Approach 2: Hybrid Search (Phase 7)
- Semantic score + temporal score at query time
- Requires custom re-ranking or advanced vector store

4. Confidence Scoring

def answer_confidence(results, pattern):
    """
    Determine if we have enough confidence to answer.
    """
    if not results:
        return 0.0, "No relevant documents found"

    top_score = results[0].temporal_score

    if pattern == "logistical":
        if top_score < 0.3:
            return 0.2, "Stale information — verify with school/organizer"
        if top_score < 0.6:
            return 0.5, "Possibly outdated — check for newer updates"
        return 0.9, "Recent information found"

    elif pattern == "entity":
        if top_score < 0.4:
            return 0.4, "Entity found in old document — verify if still current"
        return 0.85, "Entity found with source document"

    else:  # historical
        return 0.8, "Historical record found"

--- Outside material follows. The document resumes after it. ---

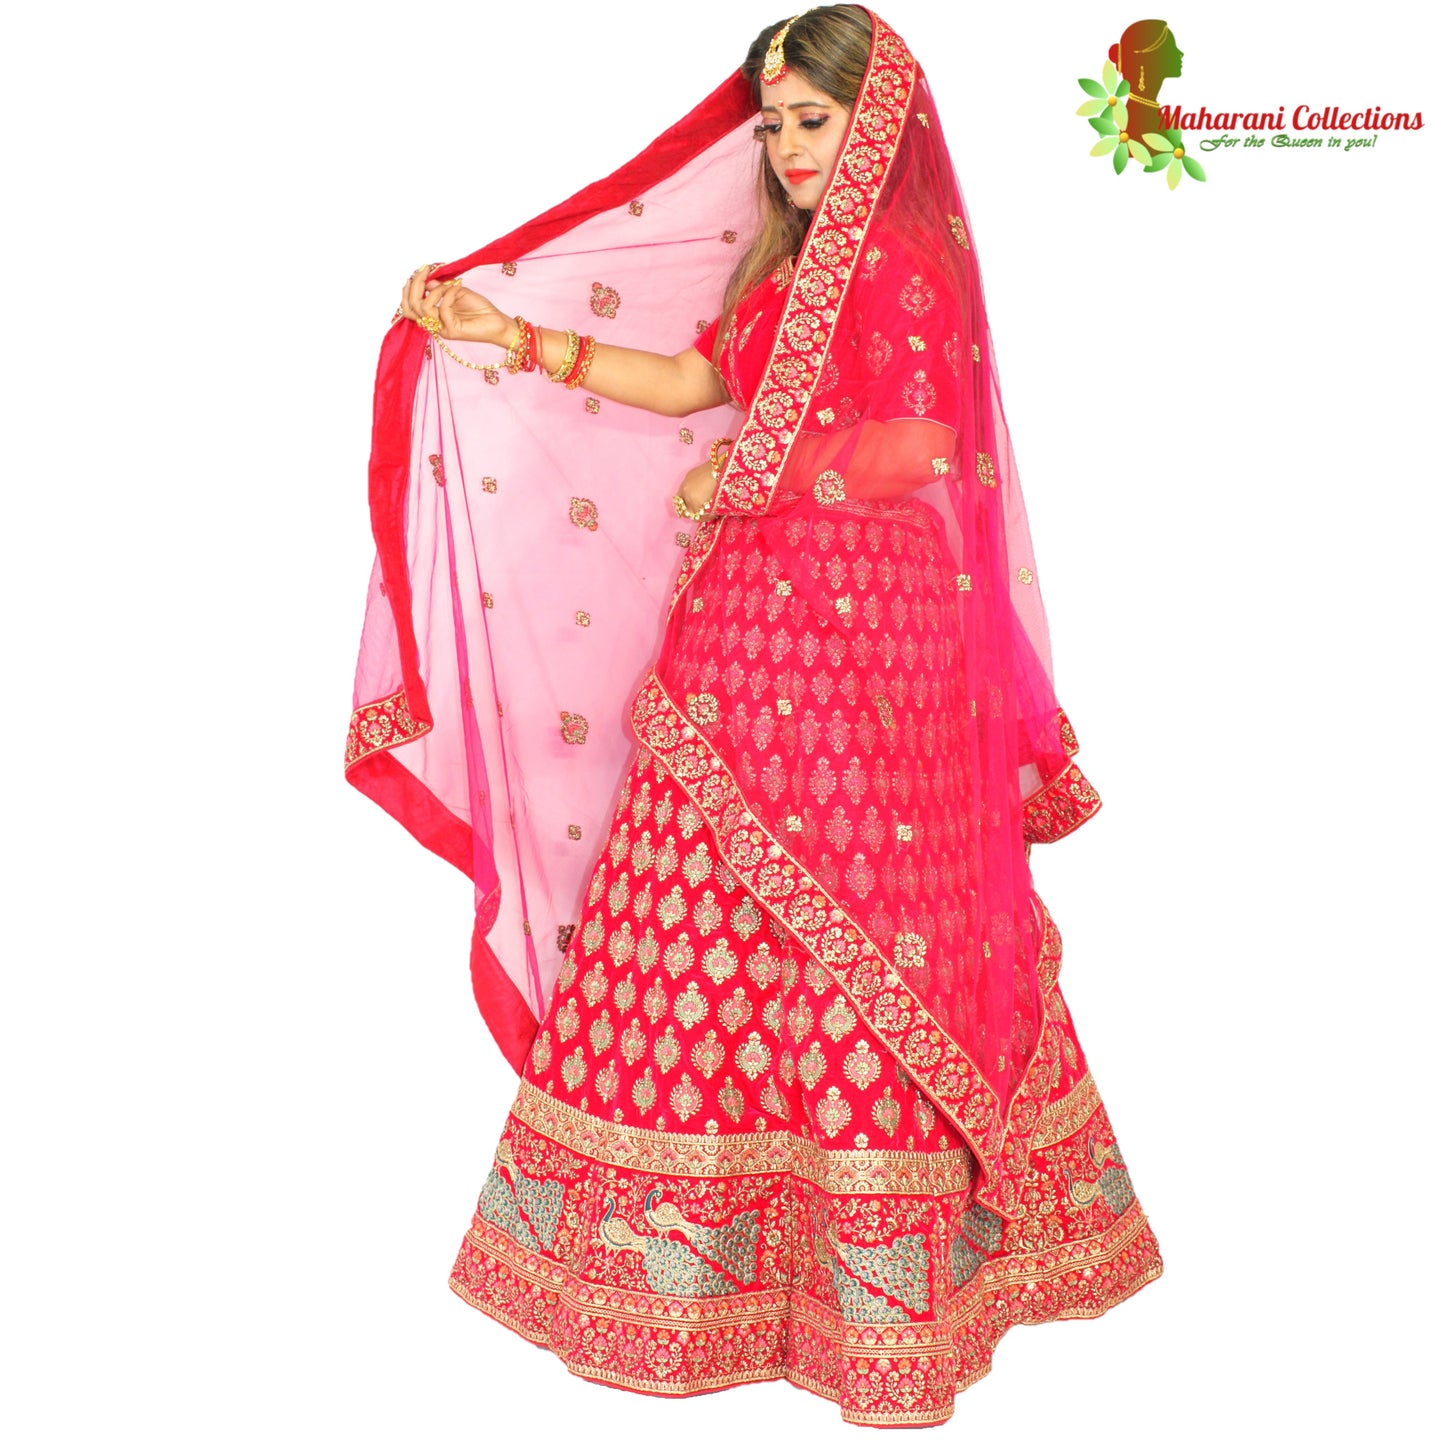 Maharani's Designer Bridal Lehenga - Deep Pink in Velvet (M)

Failure Modes & Mitigations

Failure Example Mitigation
Stale answer "Friday is half-day" (from 2024 calendar) Recency cutoff + source weighting
Multiple conflicting answers Newsletter says 3:00 PM, email says 2:45 PM Temporal score picks email; show both with dates
Missing context "Maggie's visit" could be vet or grandparent Entity linking + disambiguation prompt
Wrong entity "HVAC filter" vs "furnace filter" vs "air filter" Synonym expansion in query preprocessing

Success Criteria

  1. Logistical query: "Is Friday a half-day?" → Returns answer from most recent email/newsletter, not stale calendar PDF
  2. Entity query: "What size is our HVAC filter?" → Returns exact dimensions from latest invoice with source link
  3. Historical query: "What was the roofer's name?" → Returns company name from 2023 receipt, no recency penalty
  4. Confidence threshold: System says "I don't know" or "verify this" rather than guessing with stale data

Next Steps

  1. Matt review — Approve or modify temporal weighting parameters
  2. Socrates architecture — Build ChromaDB integration with metadata filtering
  3. Test corpus — Seed with 30-50 documents across all types and dates
  4. Evaluation — Run 20 queries per pattern, measure precision@1 and recall@3

Matt's call: Are the decay models, half-lives, and source weights right? Should we add query pattern detection (auto-classify logistical vs entity vs historical) or start with explicit pattern tags?